# I should have just left the lid on.



## aftershockews (Dec 22, 2012)

Saw this today on a service call.

I guess the tenant did not have a gas stove, so decided to wire for their electric model.


----------



## MTW (Aug 28, 2013)

Well, he tried at least. :jester:


----------



## ampman (Apr 2, 2009)

Wow you used 12-2 for the range and didn't even route it correctly HACK




















I know you didn't do this


----------



## aftershockews (Dec 22, 2012)

ampman said:


> Wow you used 12-2 for the range and didn't even route it correctly HACK
> 
> I know you didn't do this


I guess it does look kinda yellow in the pics.

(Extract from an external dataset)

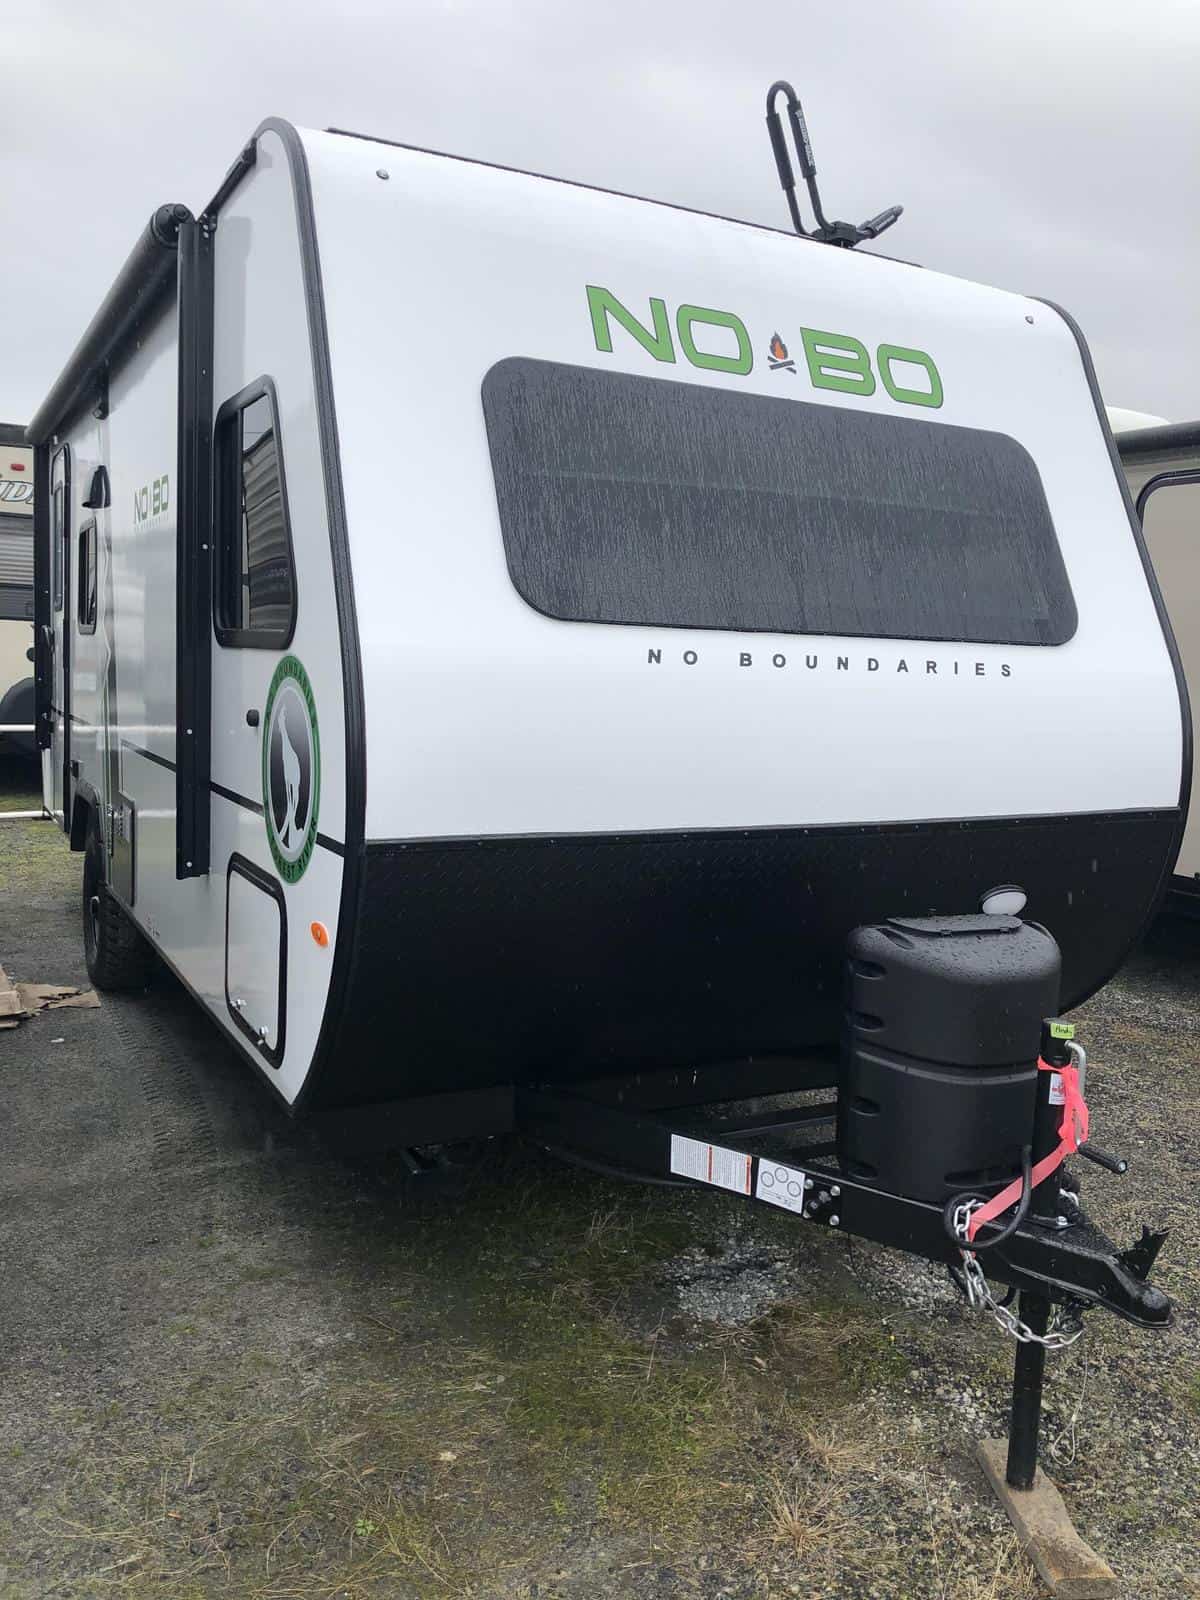 NEW 2019 Forest river No boundaries (nobo) 19.5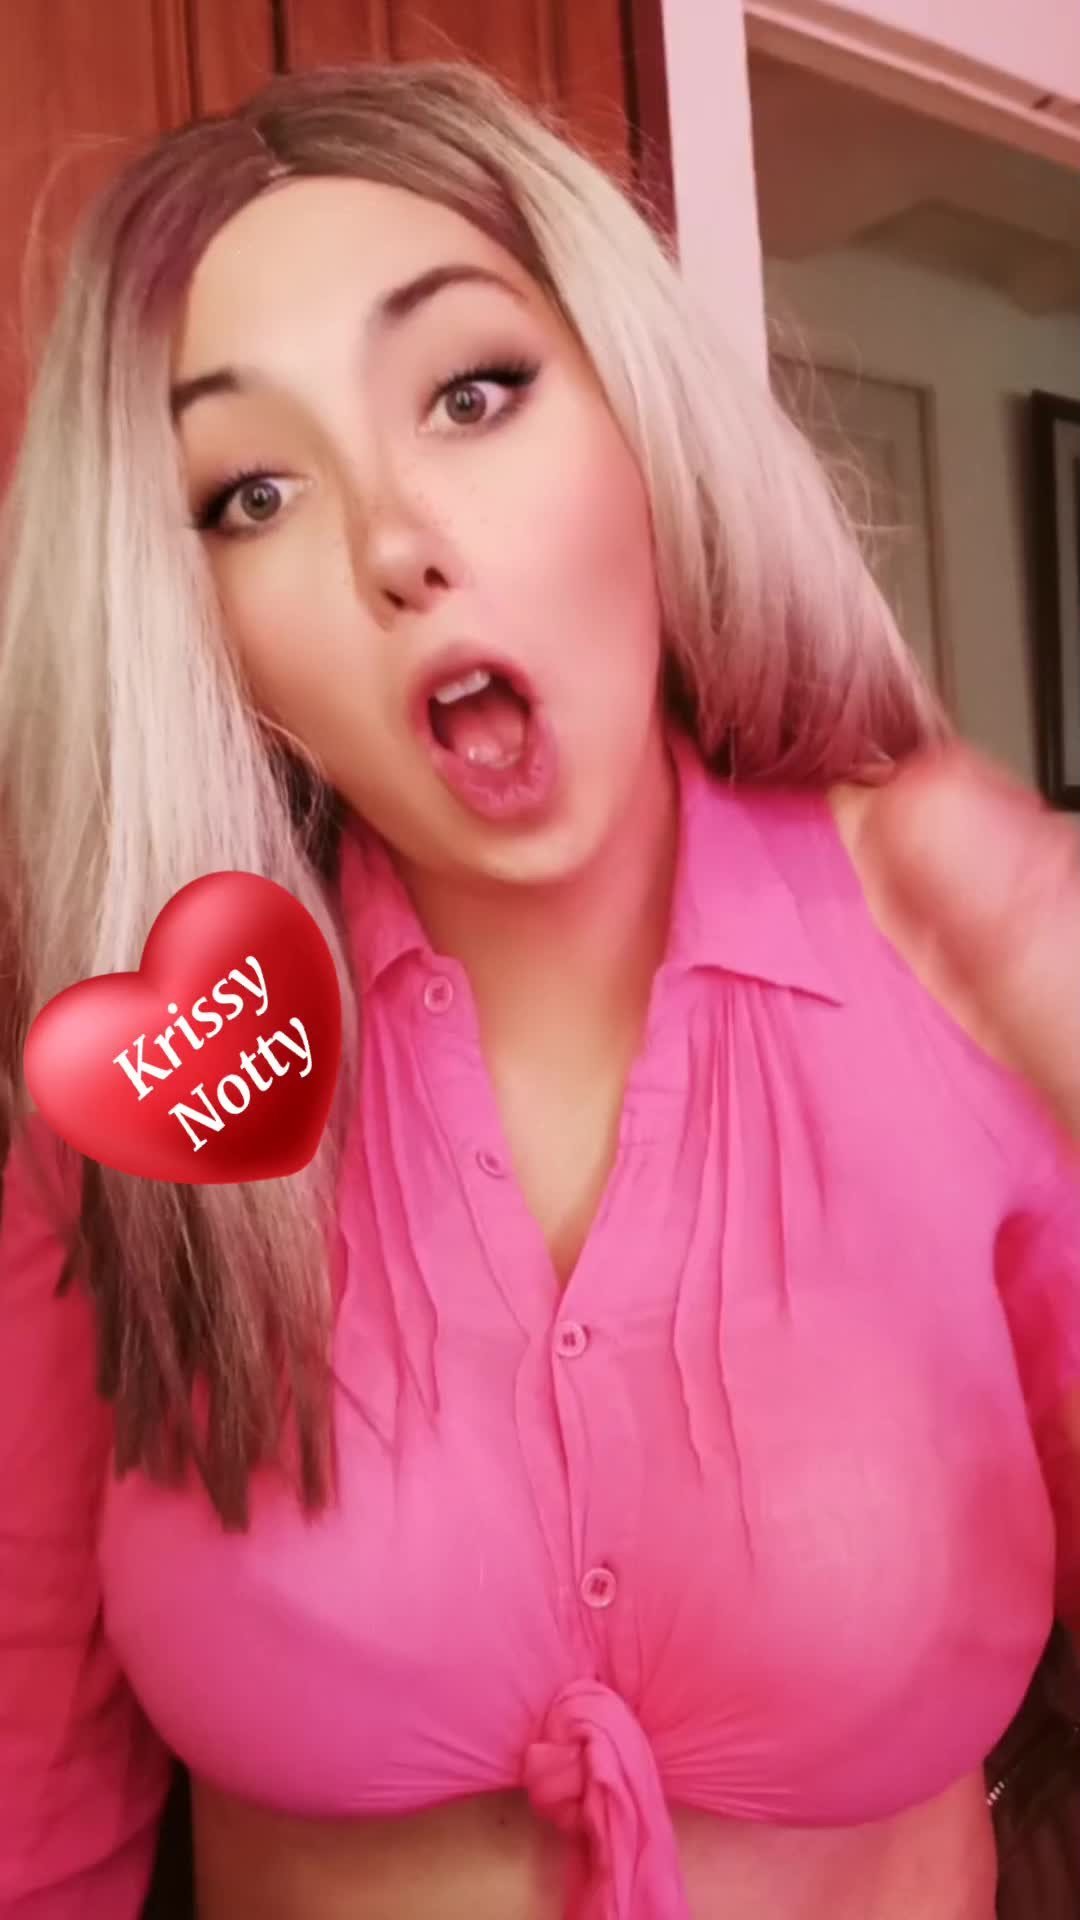 Video post by KrissyNotty

It's 10/2.
Office is going to inform the HO and see what they want done.


----------



## Shockdoc (Mar 4, 2010)

I ran 10/2 to range in a rental i lived in. Worked fine.


----------



## McClary’s Electrical (Feb 21, 2009)

As long as they don't turn on all the burners and oven, it will work forever.


----------



## aftershockews (Dec 22, 2012)

mcclary's electrical said:


> As long as they don't turn on all the burners and oven, it will work forever.


Cool, I will sleep better tonight.


----------



## Shockdoc (Mar 4, 2010)

When i was on a job in 01' wiring Marriott residents inn, the plans speced 10/3 for full size and 12/3 for half size ranges.


----------



## aftershockews (Dec 22, 2012)

mcclary's electrical said:


> As long as they don't turn on all the burners and oven, it will work forever.


Burners are gas
Elements are electric.

Just sayin. :jester::whistling2:


----------



## MHElectric (Oct 14, 2011)

That looks like the kinda job I would do at my house. :jester:


----------